Chapitre 13 : Holiday

Scorpions – Holiday

Alors que l’hiver s’installe avec peine sur le vieux continent, en Nouvelle-Zélande c’est l’été qui pointe le bout de son nez. Voilà bien un signe (s’il en fallait un) que, maintenant que mes réserves sont reconstituées, il est temps de me réveiller de mon hibernation !

Après un dernier jour de travail le vendredi 18, me voici parti dès le 20 Décembre pour 4 jours de voyage dans le Northland (région située comme son nom l’indique au Nord de l’île du Nord). Je fais ce voyage en compagnie de Sze Teng, malaisienne, coloc et collègue de la packhouse, on empruntera sa voiture et on dormira dedans.

Nom de l’objectif officiel : le Cap Reinga, qui forme la pointe de l’île à 34°4 Sud (équivalent de Rabat au Maroc dans l’hémisphère Nord). Réel objectif : en prendre plein la vue tout au long du voyage.

Avouez que ça vous avait manqué !
Avouez que ça vous avait manqué !

La première partie du voyage ne comporte guère de surprises pour moi puisque j’avais déjà poussé une première exploration jusqu’à Whangarei et la Tutukaka Coast fin Septembre. Ça reste magnifique. On retourne même aux Waipu Caves, cette fois-ci armés de bottes et d’une lampe torche, grâce auxquels on peut avancer plus loin et profiter pleinement des vers luisants. C’est superbe !

Nous nous arrêtons assez peu en chemin et arrivons dans l’après-midi à Kawakawa, ville réputée non pas pour son café Maori mais pour ses toilettes, conçues par l’architecte autrichien Hundertwasser.

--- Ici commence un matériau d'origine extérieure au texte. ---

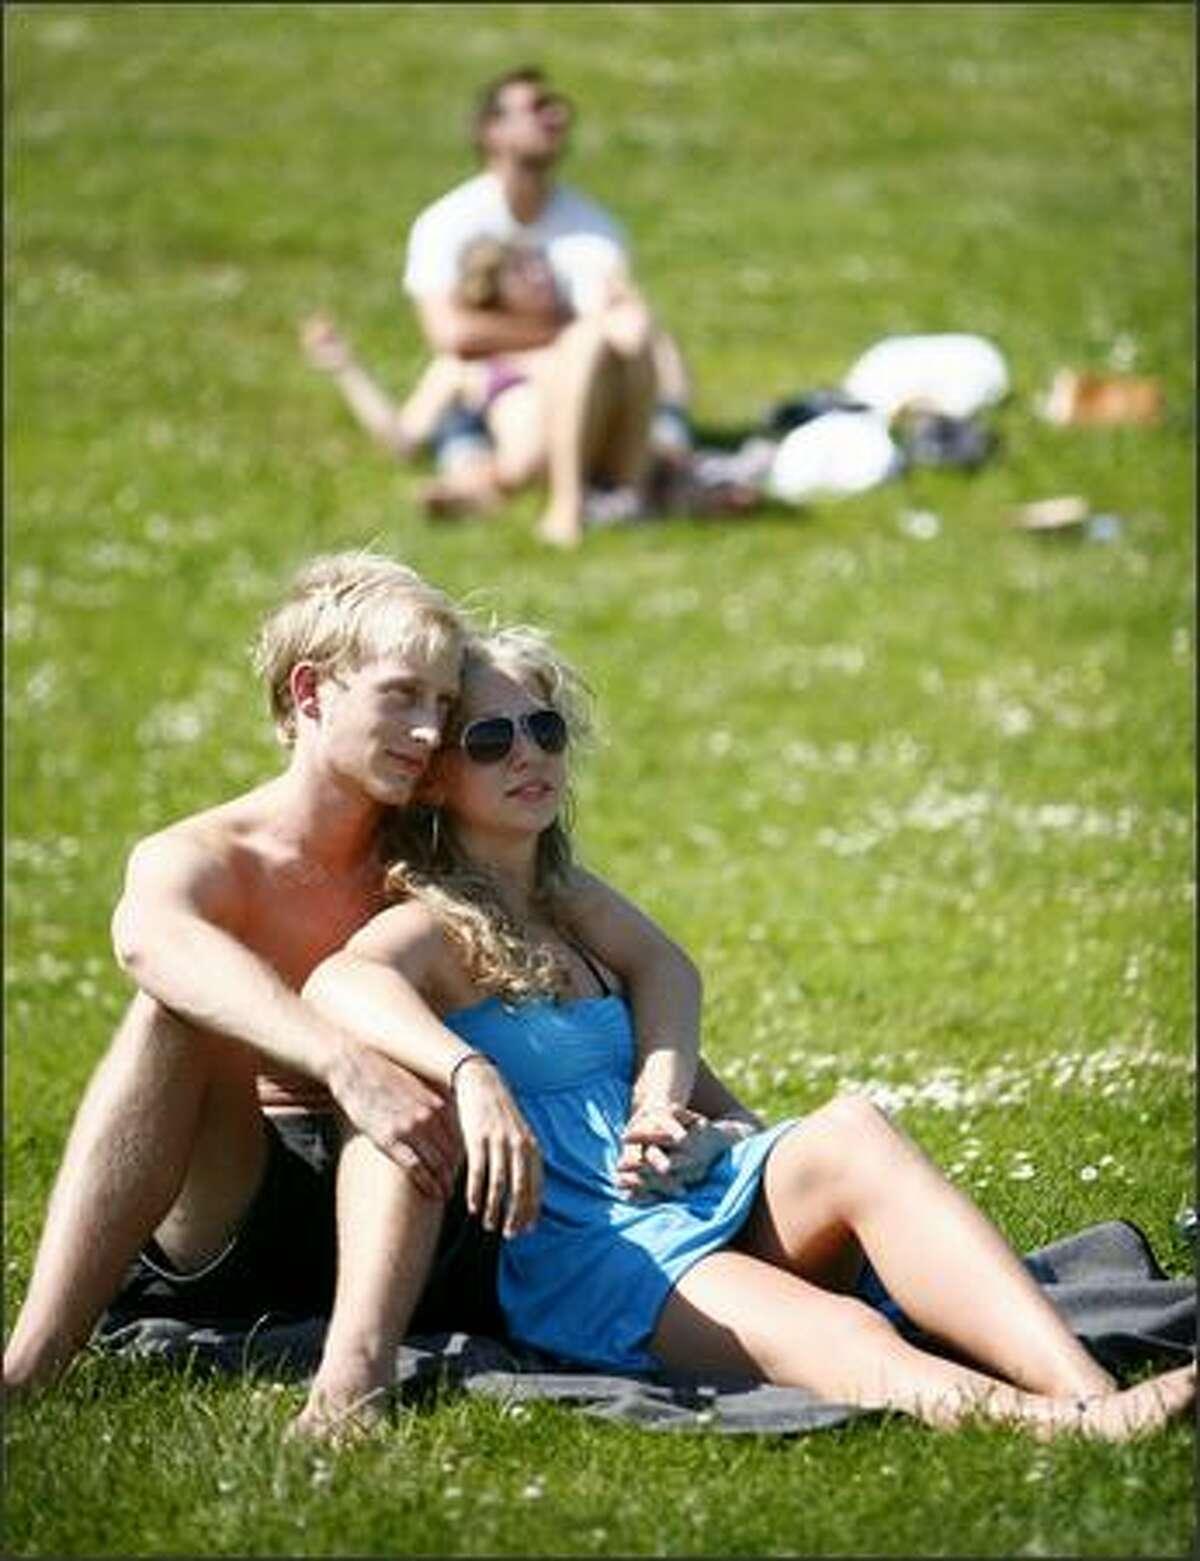 University of Washington students Bryant Sutton and Julie Kink enjoy the sun at Gas Works Park on Thursday.

Malheureusement nous ne les trouvons pas et poursuivons la route jusqu’à Paihia, fameuse station balnéaire de la Bay of Islands.

La nuit approchant, il s’agit de trouver un endroit où dormir : le camping sauvage est très réglementé en Nouvelle-Zélande, il est interdit de dormir à peu près partout, les contrôles sont fréquents et l’amende s’élève à 300$. Nous nous dirigeons donc vers un coin repéré comme autorisé pour garer la voiture pour la nuit. À peine arrivés, une Maorie sort du campement voisin pour nous expliquer que nous sommes sur un terrain collectif Maori, que ça ne lui pose pas de problème personnellement mais qu’il ne faudrait pas que les « locaux » nous voient le lendemain en allant travailler. Nous rapprochons donc la voiture le plus possible des autres pour plus de discrétion. La nuit se passe ensuite sans encombre, si ce n’est que dormir dans une voiture se révèle bien peu confortable, très peu de sommeil pour moi, un peu plus pour Sze Teng.

Le matin, après un petit déjeuner face au lever du soleil sur la plage, nous prenons le ferry pour Russell. La ville n’est pas sur une île mais la côte est tellement découpée que le ferry est plus rapide et moins cher. C’était avant 1840 la ville la plus peuplée de Nouvelle-Zélande mais elle n’a guère changé depuis. Elle a le charme tranquille d’une bourgade coloniale endormie, grâce notamment aux Pohutukawas (ou arbres de Noël néo-zélandais) en fleurs et à ses vieux bâtiments en bois.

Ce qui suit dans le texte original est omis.